*MATERIAL PROVIDED*.

· · · · ·

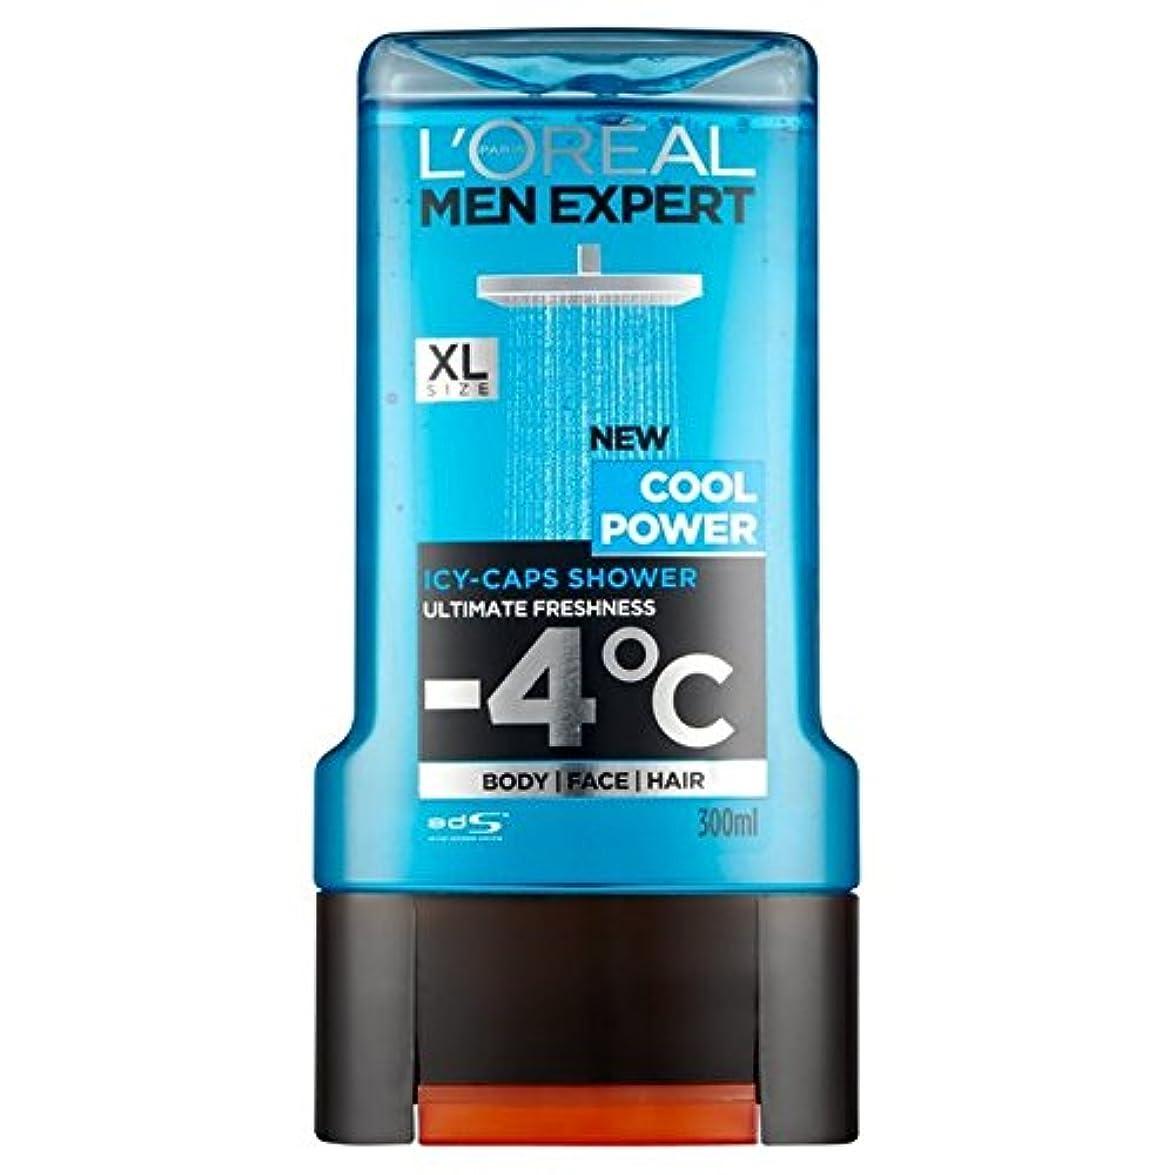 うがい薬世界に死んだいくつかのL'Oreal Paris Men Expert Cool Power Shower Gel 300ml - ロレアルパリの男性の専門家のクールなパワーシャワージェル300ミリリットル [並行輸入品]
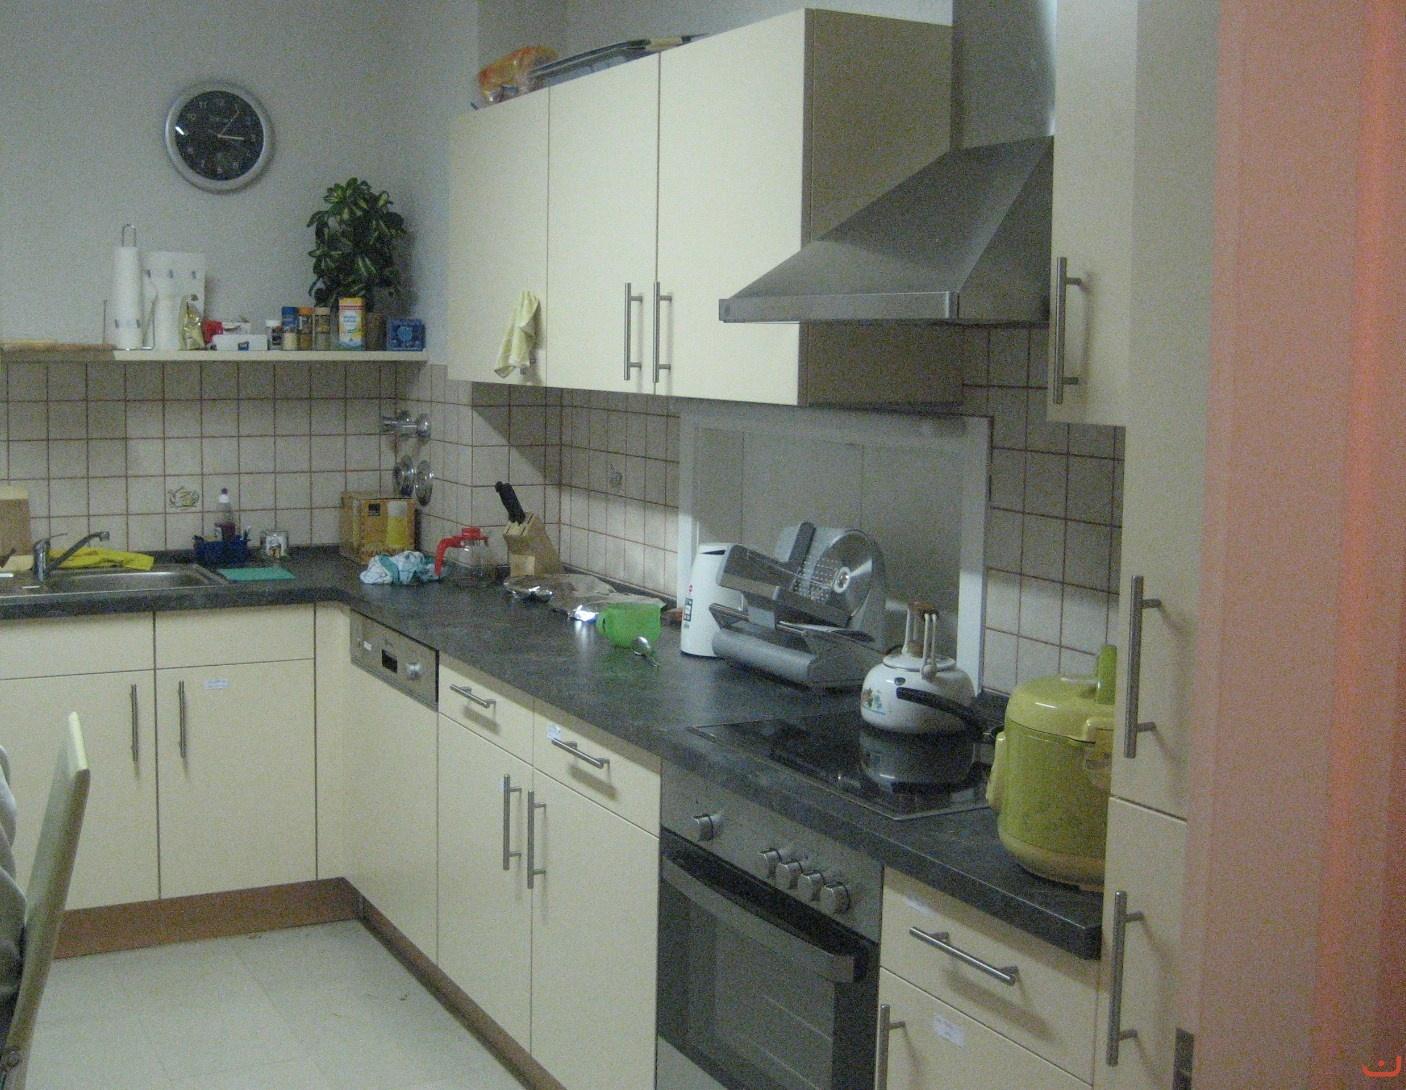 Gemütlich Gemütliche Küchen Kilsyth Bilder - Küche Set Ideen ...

· · · · ·

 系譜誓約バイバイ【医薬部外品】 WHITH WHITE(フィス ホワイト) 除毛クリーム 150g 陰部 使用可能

· · · · ·

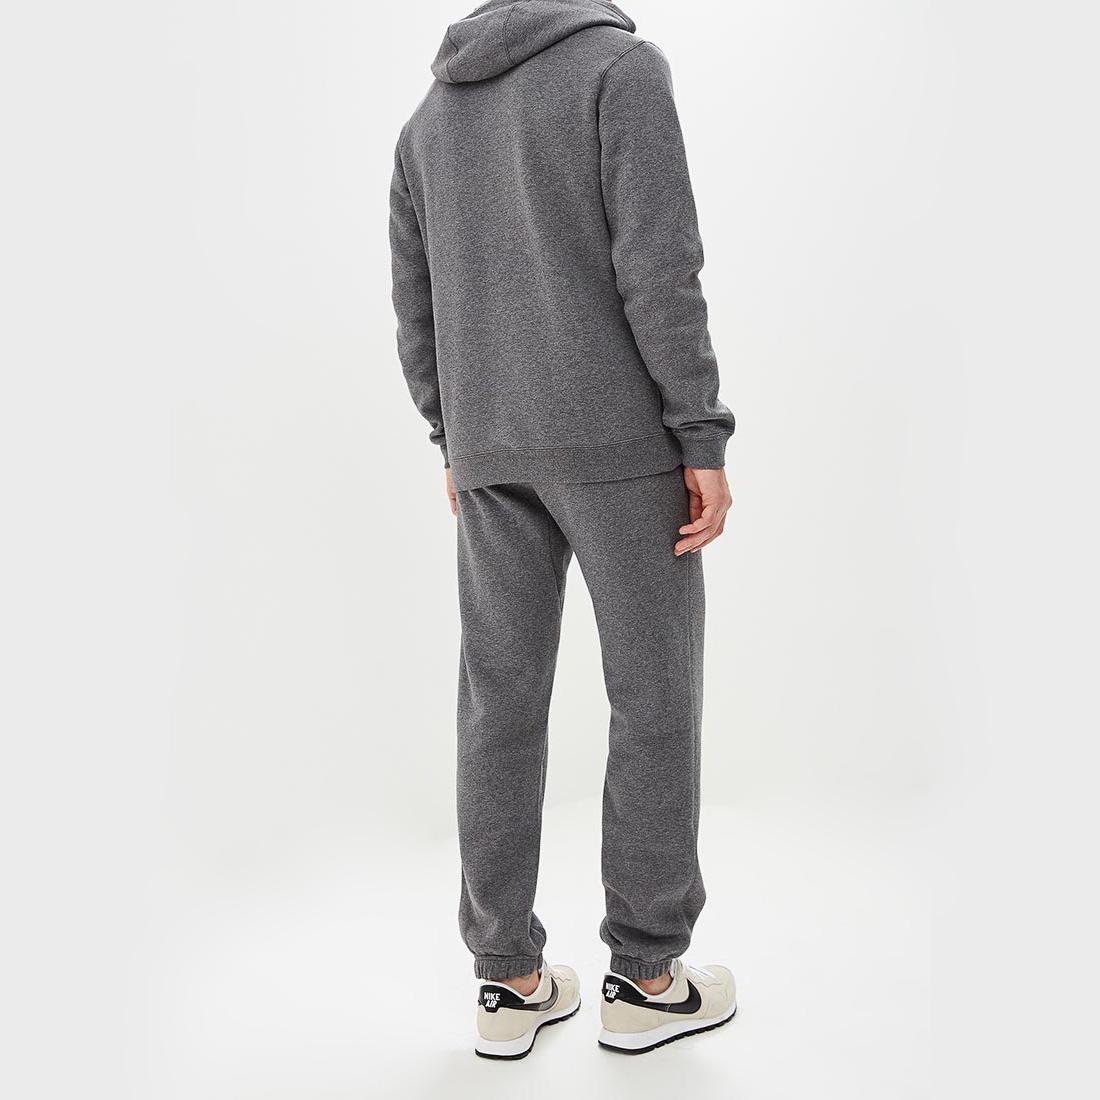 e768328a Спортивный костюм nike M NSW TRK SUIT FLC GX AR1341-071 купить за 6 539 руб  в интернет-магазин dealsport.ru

· · · · ·

*PROBLEM REQUIREMENTS*. Using the entries above, write out exactly the lines from the one with "うがい薬世界に死んだいくつかのL'Oreal Paris Men" through the one with "Gemütlich Gemütliche Küchen", ends included. Leave out any pictures.

*SOLUTION TO THE PROBLEM*.
 うがい薬世界に死んだいくつかのL'Oreal Paris Men Expert Cool Power Shower Gel 300ml - ロレアルパリの男性の専門家のクールなパワーシャワージェル300ミリリットル [並行輸入品]
 Gemütlich Gemütliche Küchen Kilsyth Bilder - Küche Set Ideen ...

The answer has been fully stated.